▶ **Excerpted data**
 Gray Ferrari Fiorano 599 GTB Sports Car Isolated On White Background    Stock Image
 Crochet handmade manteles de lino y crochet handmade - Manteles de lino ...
* * *
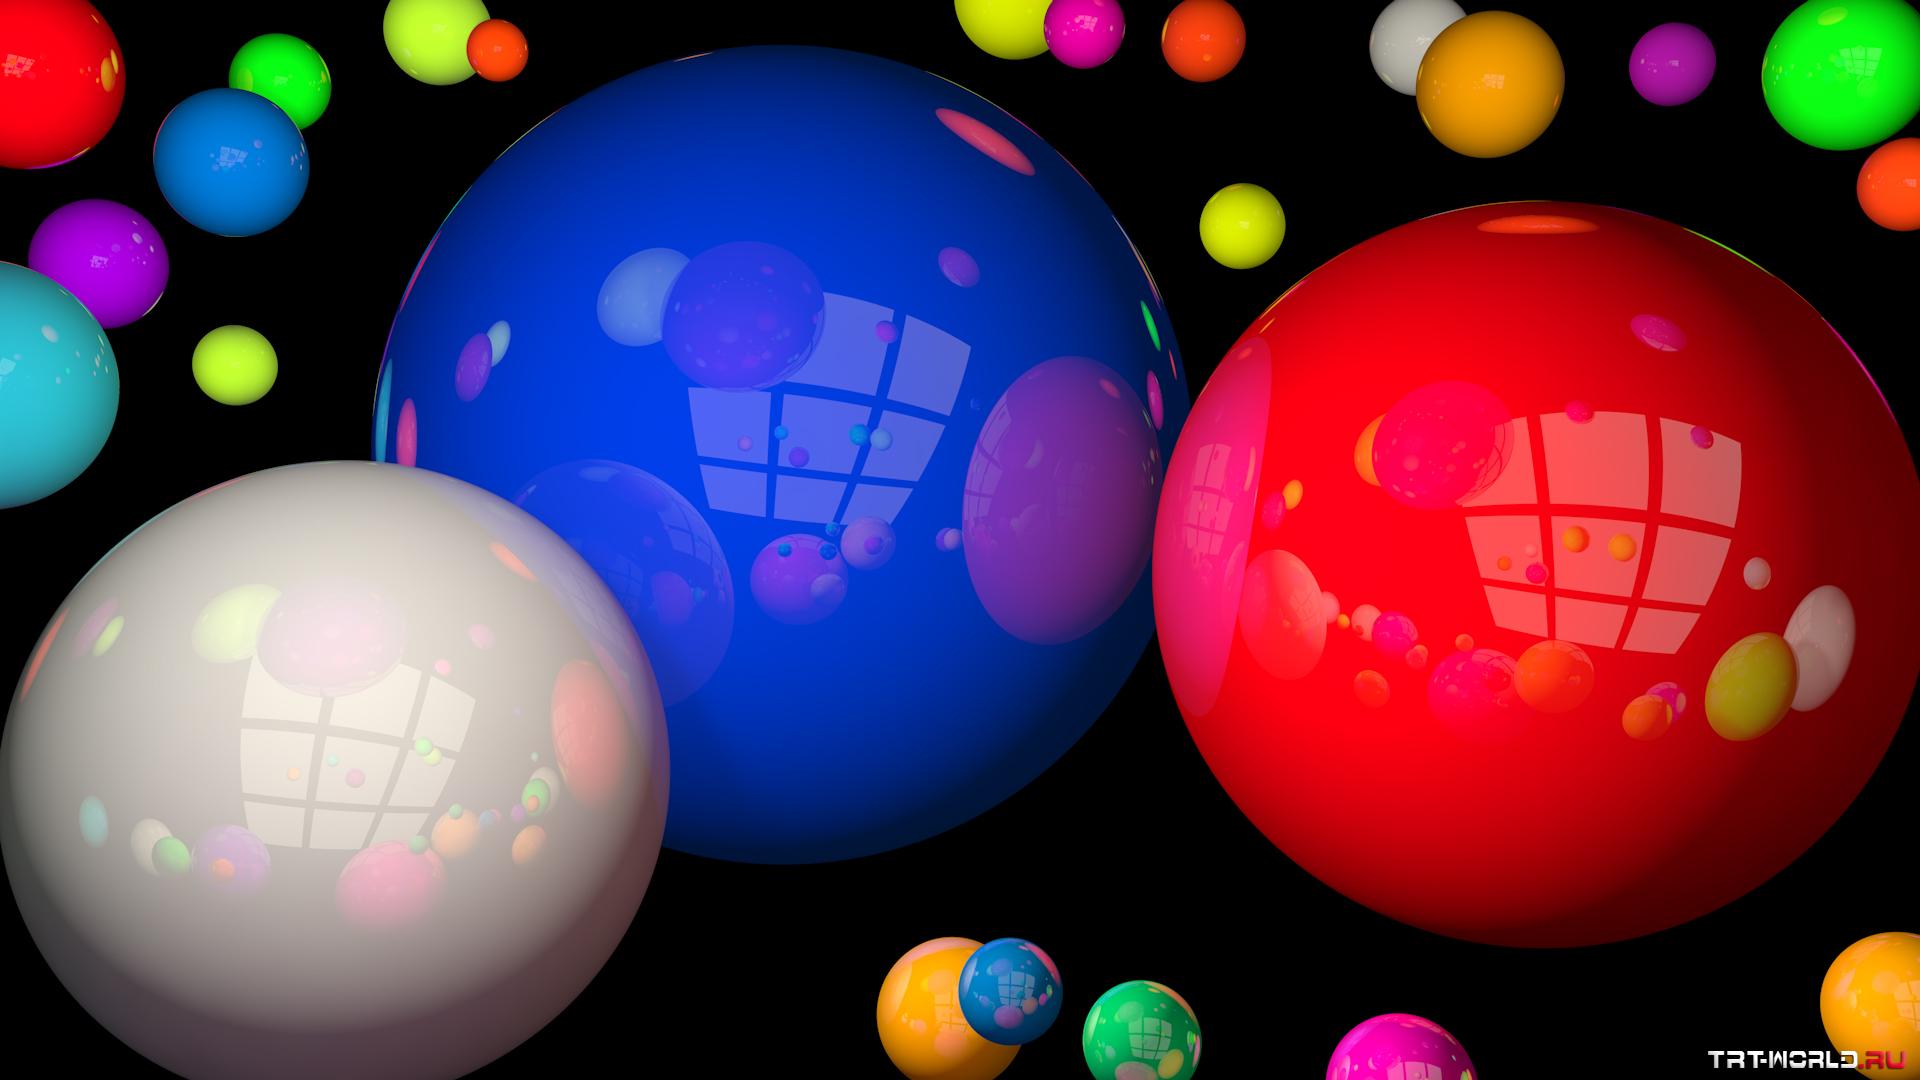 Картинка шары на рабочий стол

▶ **Task prompt**
Reproduce word for word the material above, starting with the line that has "Gray Ferrari Fiorano" and stopping after the line that has "Crochet handmade manteles".

▶ **Output below**
 Gray Ferrari Fiorano 599 GTB Sports Car Isolated On White Background    Stock Image
 Crochet handmade manteles de lino y crochet handmade - Manteles de lino ...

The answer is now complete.